HERSHEY, Pa. — Televangelist Joyce Meyer, down-home despite her trim purple corporate suit, talks about her listeners’ troubles with the intimacy of a sister sufferer.
She knows they lose patience with their husbands and kids and feel bad about it; they worry all the time; they overeat. She knows they have unresolved pain — from childhood abuse, troubled marriages.
When she calls them worrywarts or describes a tense scene from the Meyer household — mimicking with abandon her whining kids and her own nagging voice — the audience at the Giant Center responds with delight.
One laughing woman catches the eye of another, a total stranger, and declares, “That’s so true!”
Thousands of people — most of them women — flocked here to hear Meyer speak at four meetings in late April. The 8,100-seat arena was so full that one night fans were sitting in the Hershey Bears penalty box.
They shopped in the lobby for her books and tapes and shouted their amens while she preached. In interviews, they said over and over that they like her because she’s “so real,” she’s a “straight-shooter,” she’s not “holier than thou.” Meyer tells them about her abusive father, her failed first marriage, her past depression.
As part of a long line of “prosperity gospel” preachers — a line that also included Jim and Tammy Bakker — Meyer points her fans to a God who can fix their problems. He even wants them to be wealthy.
“We’re going to press in and take hold of what you have for us,” she told God in an opening prayer, her arms spread wide and the light dancing off her dangling, sparkly earrings. “We refuse to leave the way we came.”
Meyer is part of a new breed of TV preachers who rebuilt the genre in the years following the scandalous 1980s downfall of the Bakkers and Jimmy Swaggart.
In her 20 years in ministry, the 60-year-old Meyer has created a major TV presence, a series of conferences that include as many as 20 in the United States and others overseas each year, 46 books, more than 225 audio tapes and 75 videos.
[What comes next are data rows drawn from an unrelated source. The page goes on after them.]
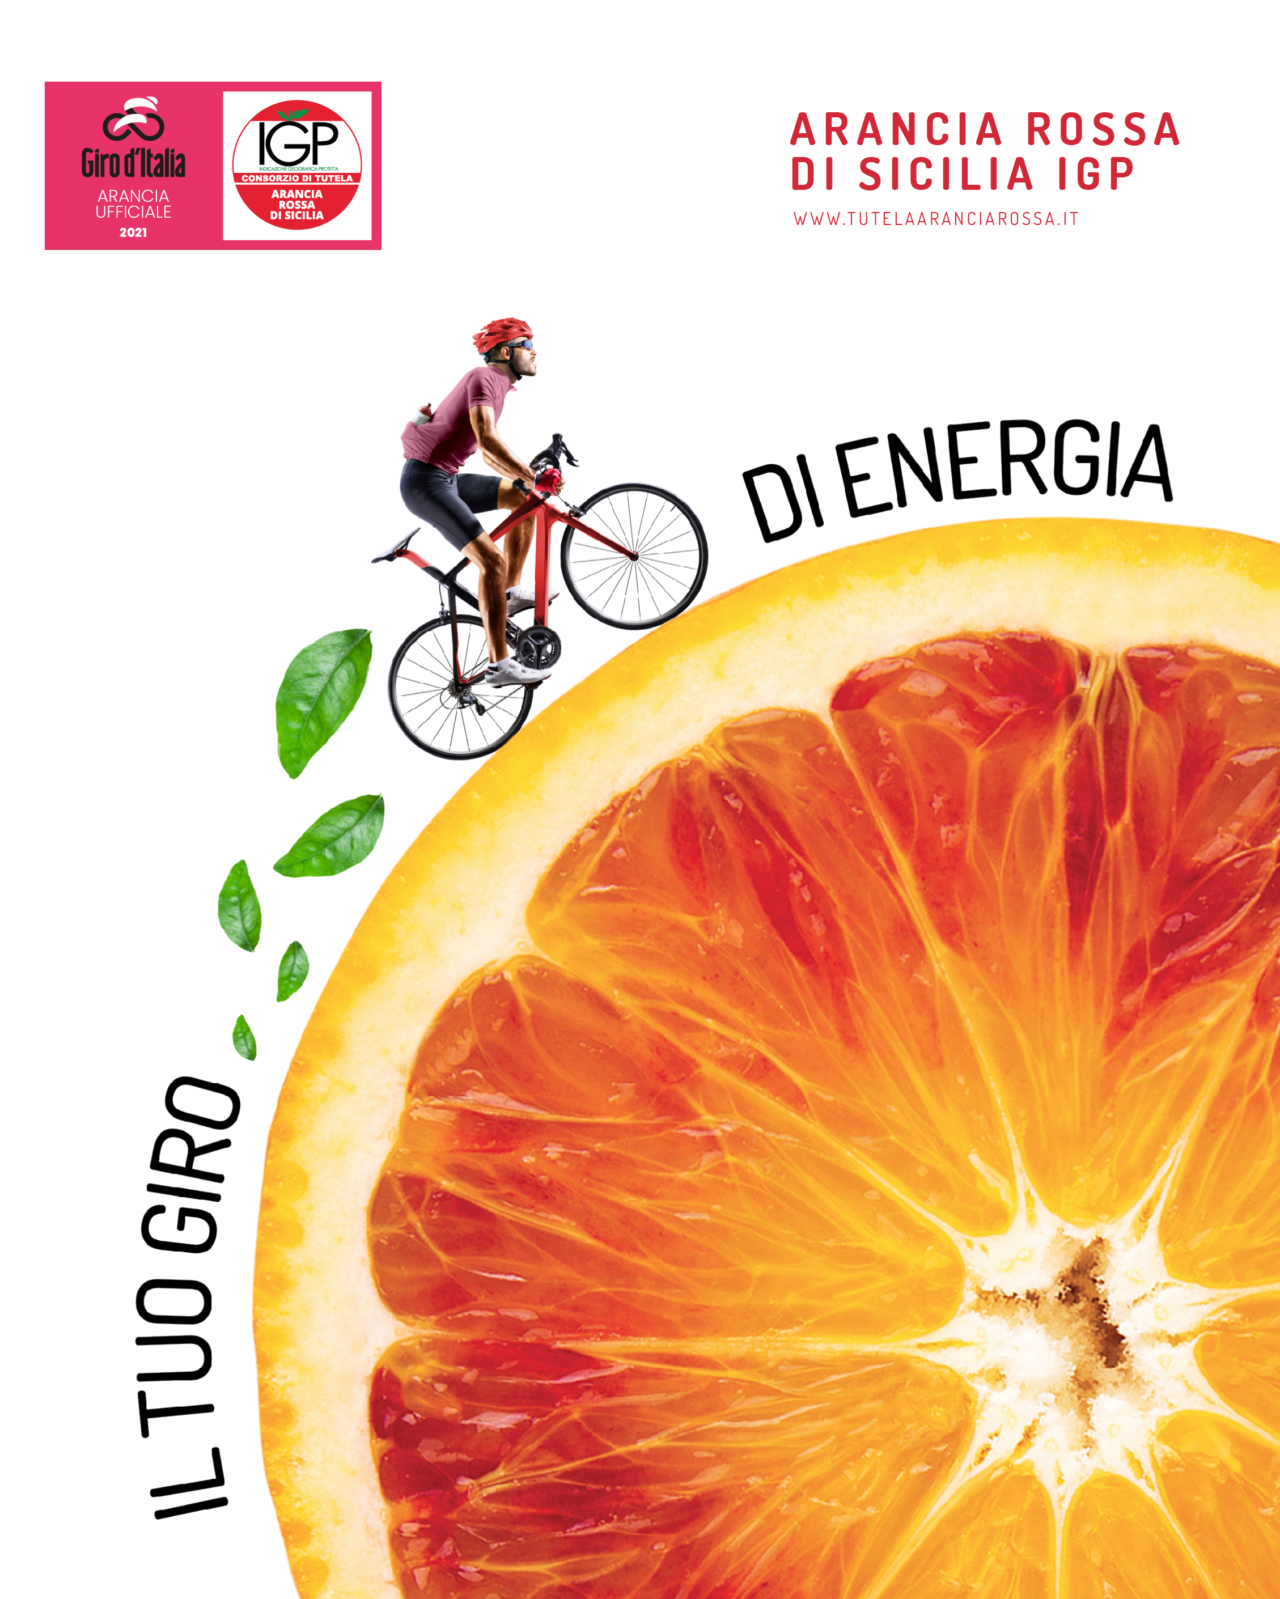 L’Arancia Rossa di Sicilia Igp tra gli sponsor del Giro d’Italia 2021
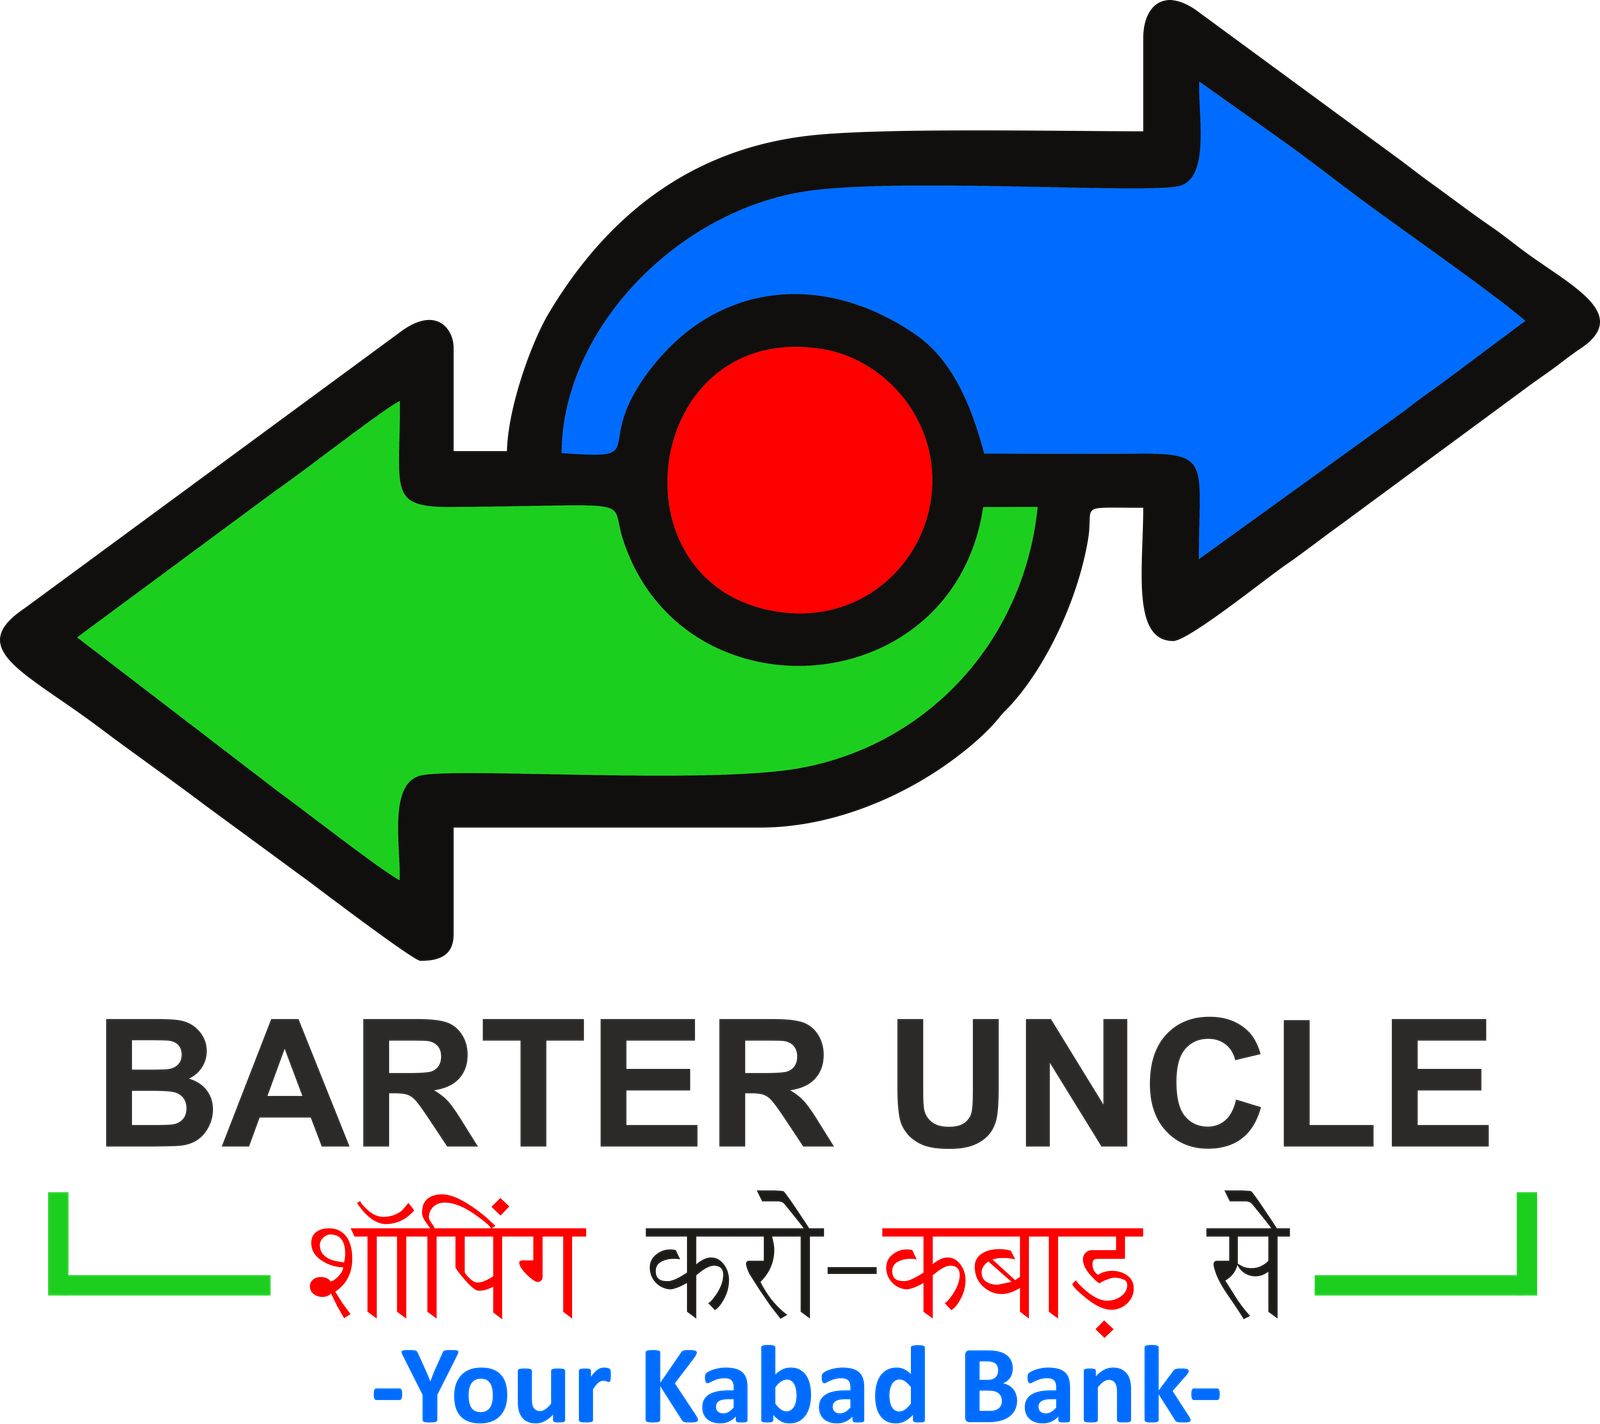 barter uncle logo 000
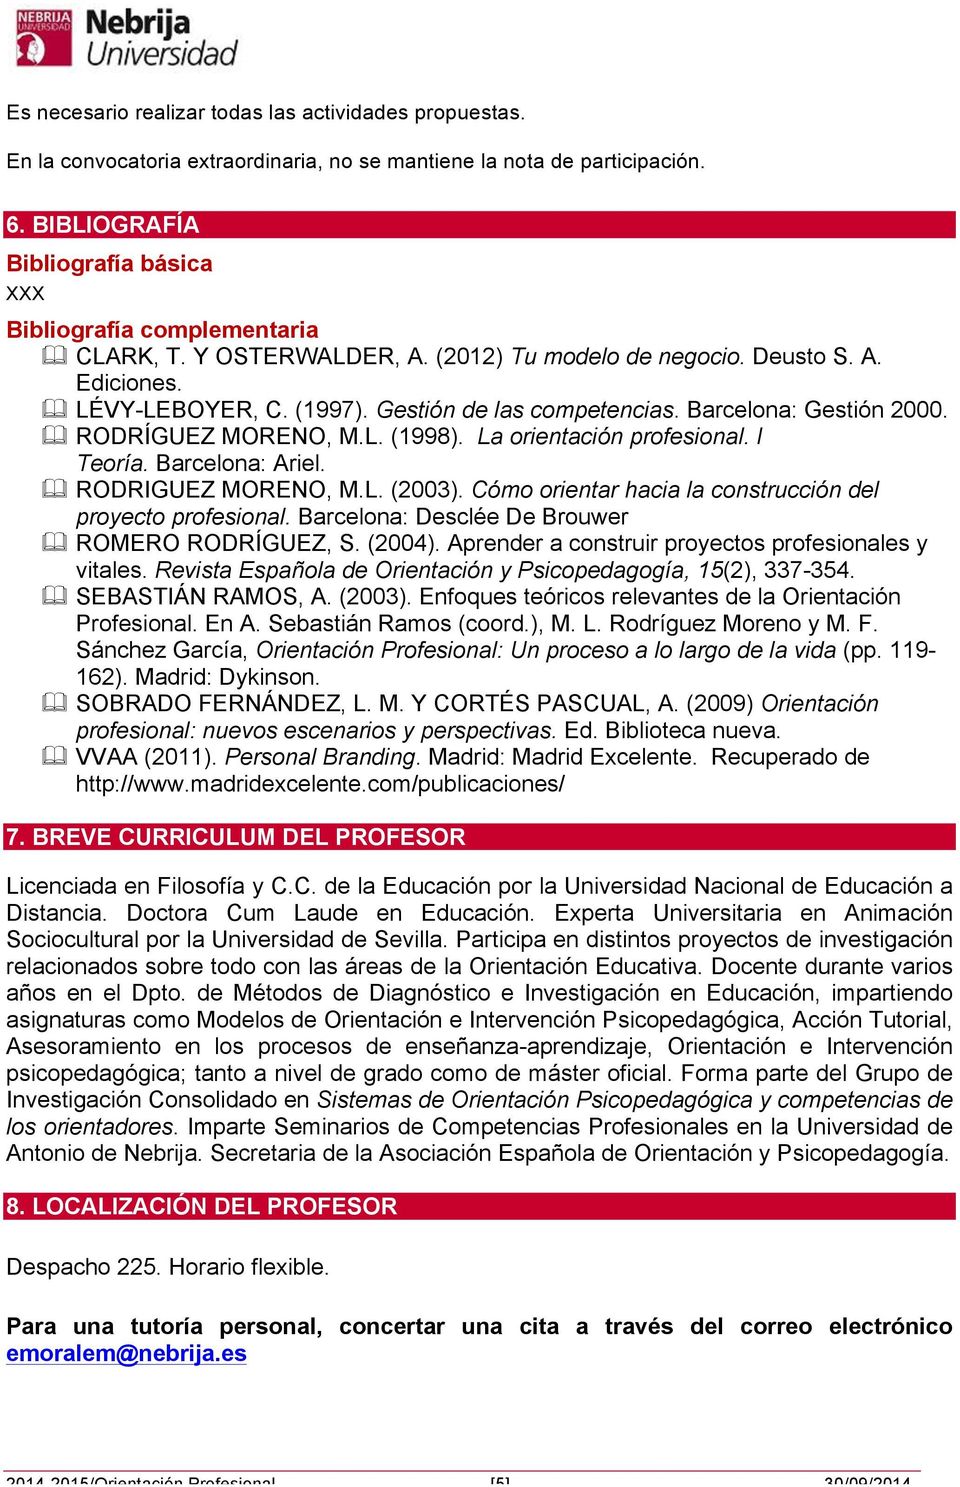 Gestión de las competencias. Barcelona: Gestión 2000. & RODRÍGUEZ MORENO, M.L. (1998). La orientación profesional. I Teoría. Barcelona: Ariel. & RODRIGUEZ MORENO, M.L. (2003).
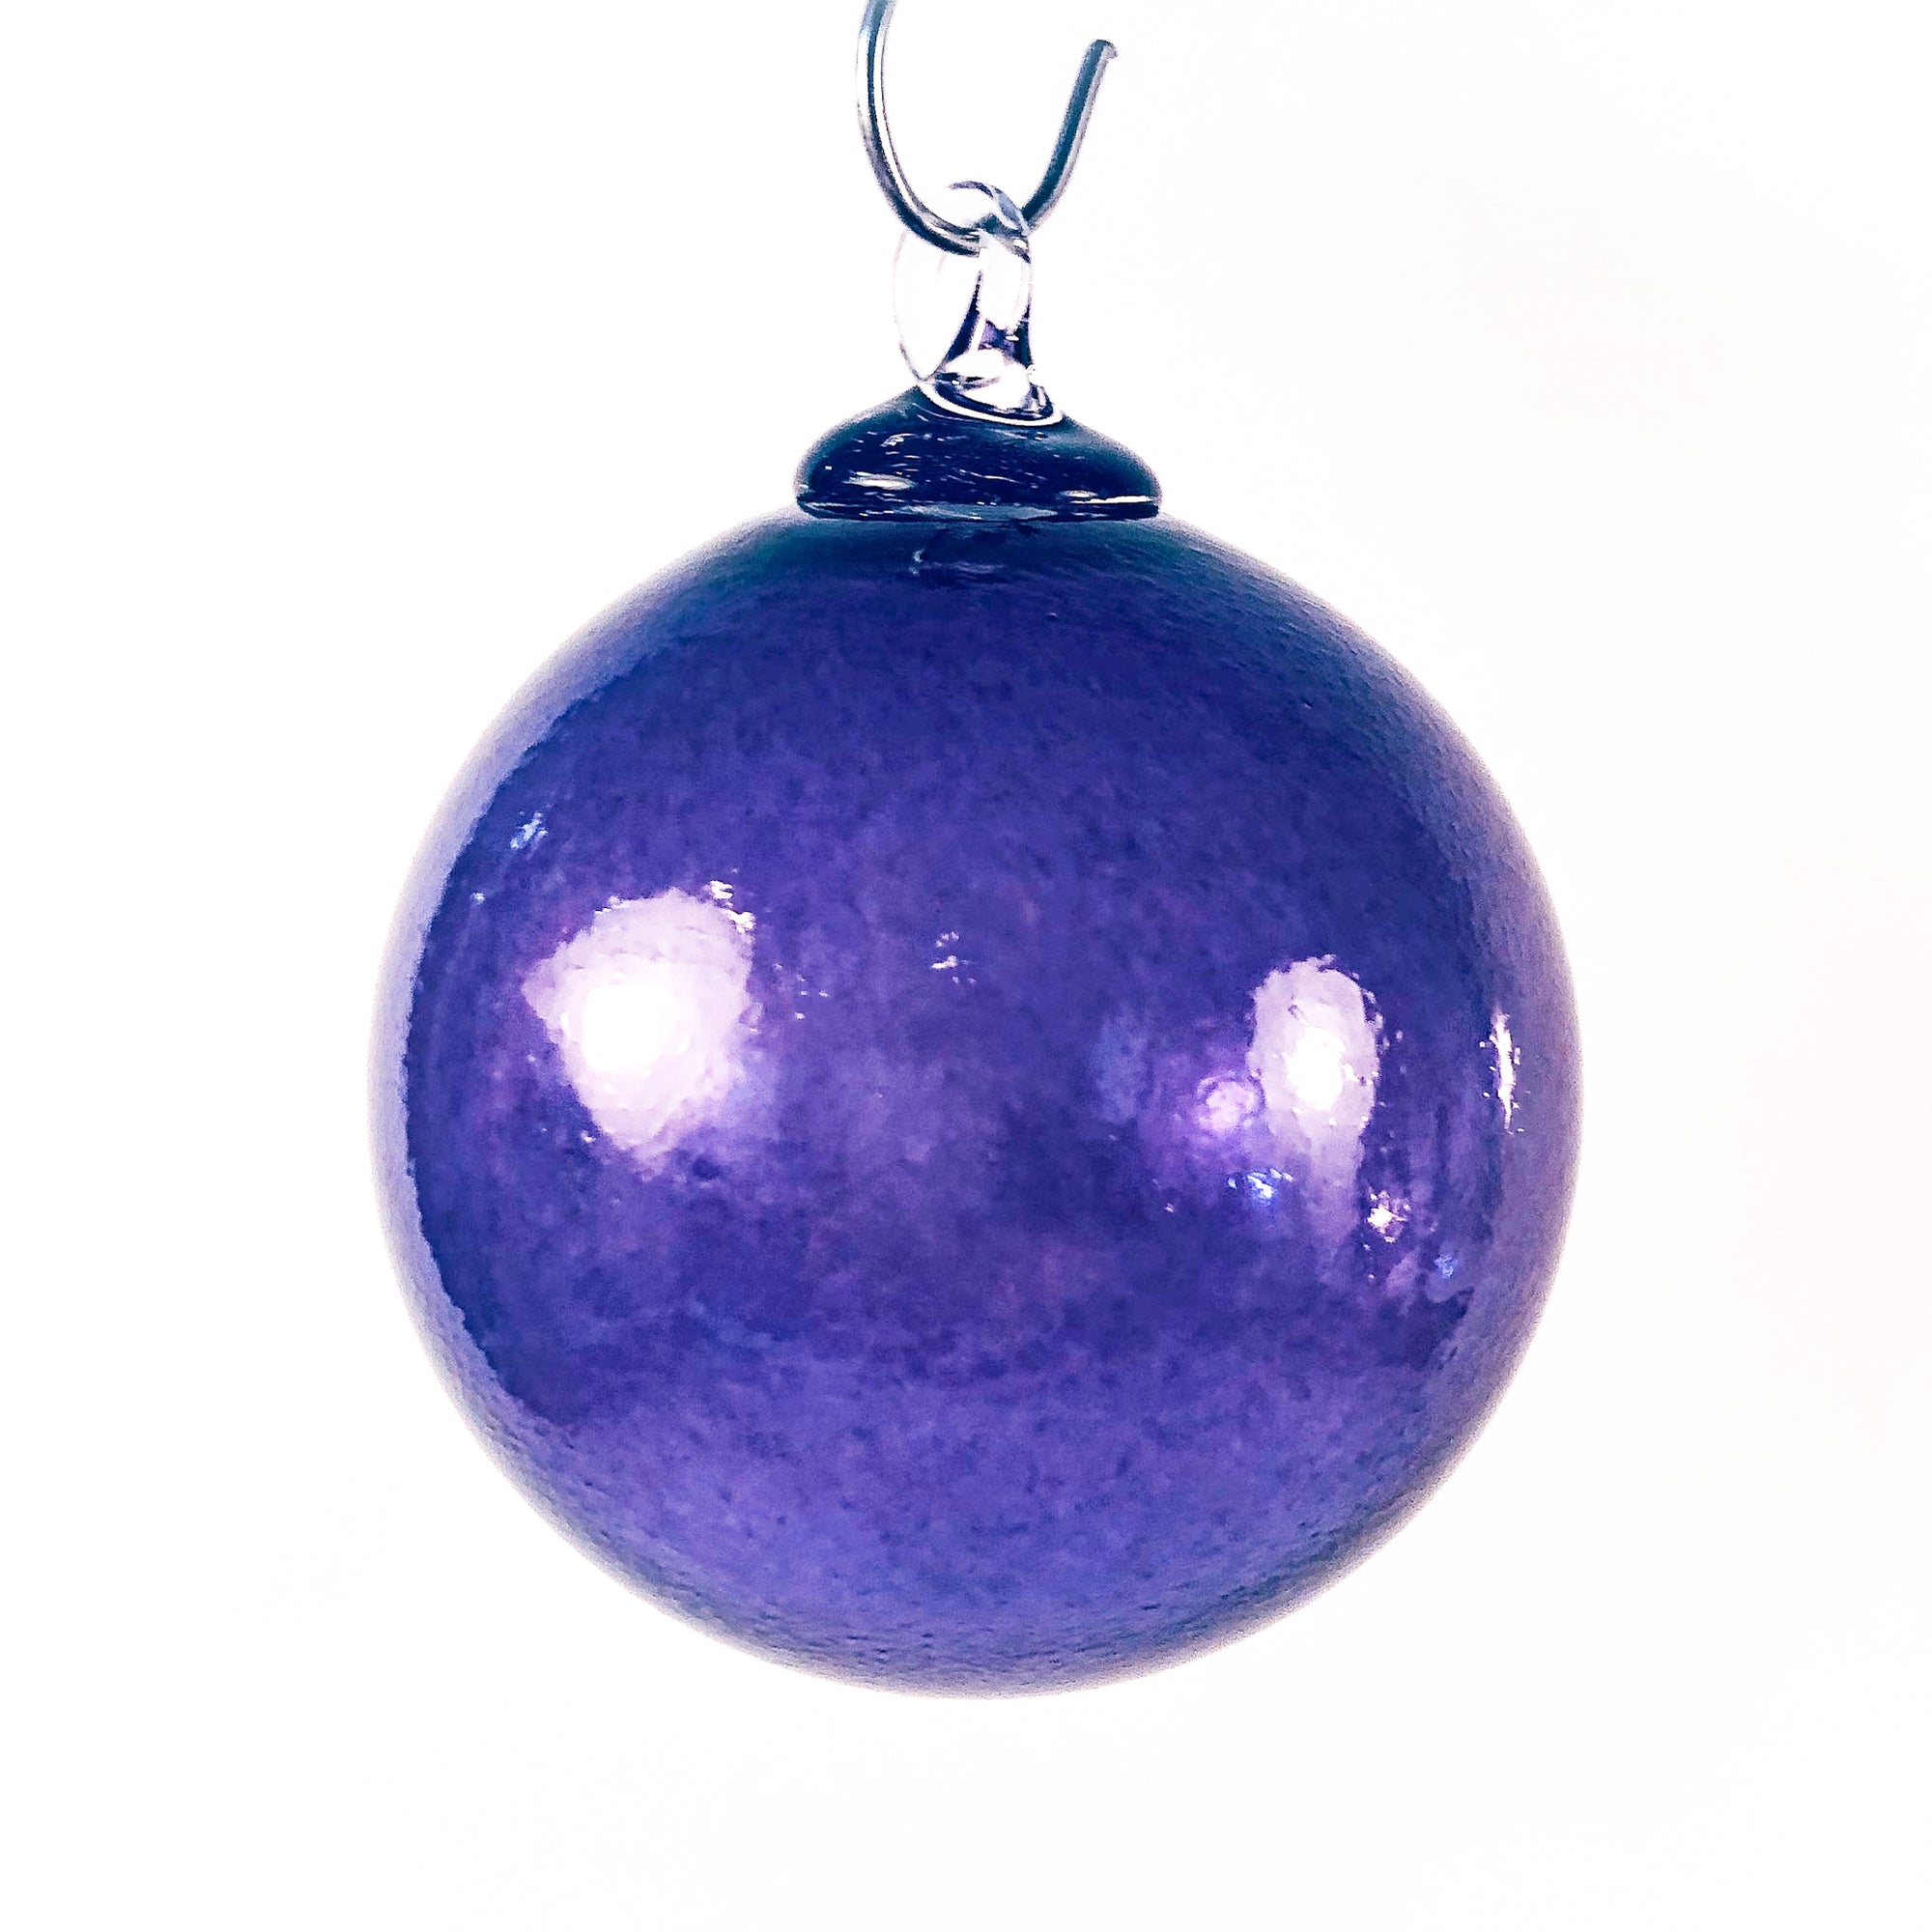 Small Purple Glass Ball Ornament

The ministry, based near St. Louis, says it takes in about $8 million a month in revenues and funds numerous charities, including its own St. Louis Dream Center for needy people in the inner city.
Questions have surfaced recently about Meyer’s finances, though. Besides the charities, the ministry also funded a $2 million house for Meyer and her husband, David, plus others for her four children, who are on the ministry payroll, according to the St. Louis Post-Dispatch. The paper said Meyer called the houses parsonages.
Wall Watchers, a watchdog group that gathers financial data from evangelists, says Meyer’s ministry “has had a long history of not being financially transparent,” though it’s doing somewhat better since the Post-Dispatch series last fall.
Meyer’s ministry seems “about as resourceful as other ministries” in applying money to useful programs, but questions remain about her salary and “what appears to be a lavish lifestyle” furnished to her by the ministry, said the watchdog group.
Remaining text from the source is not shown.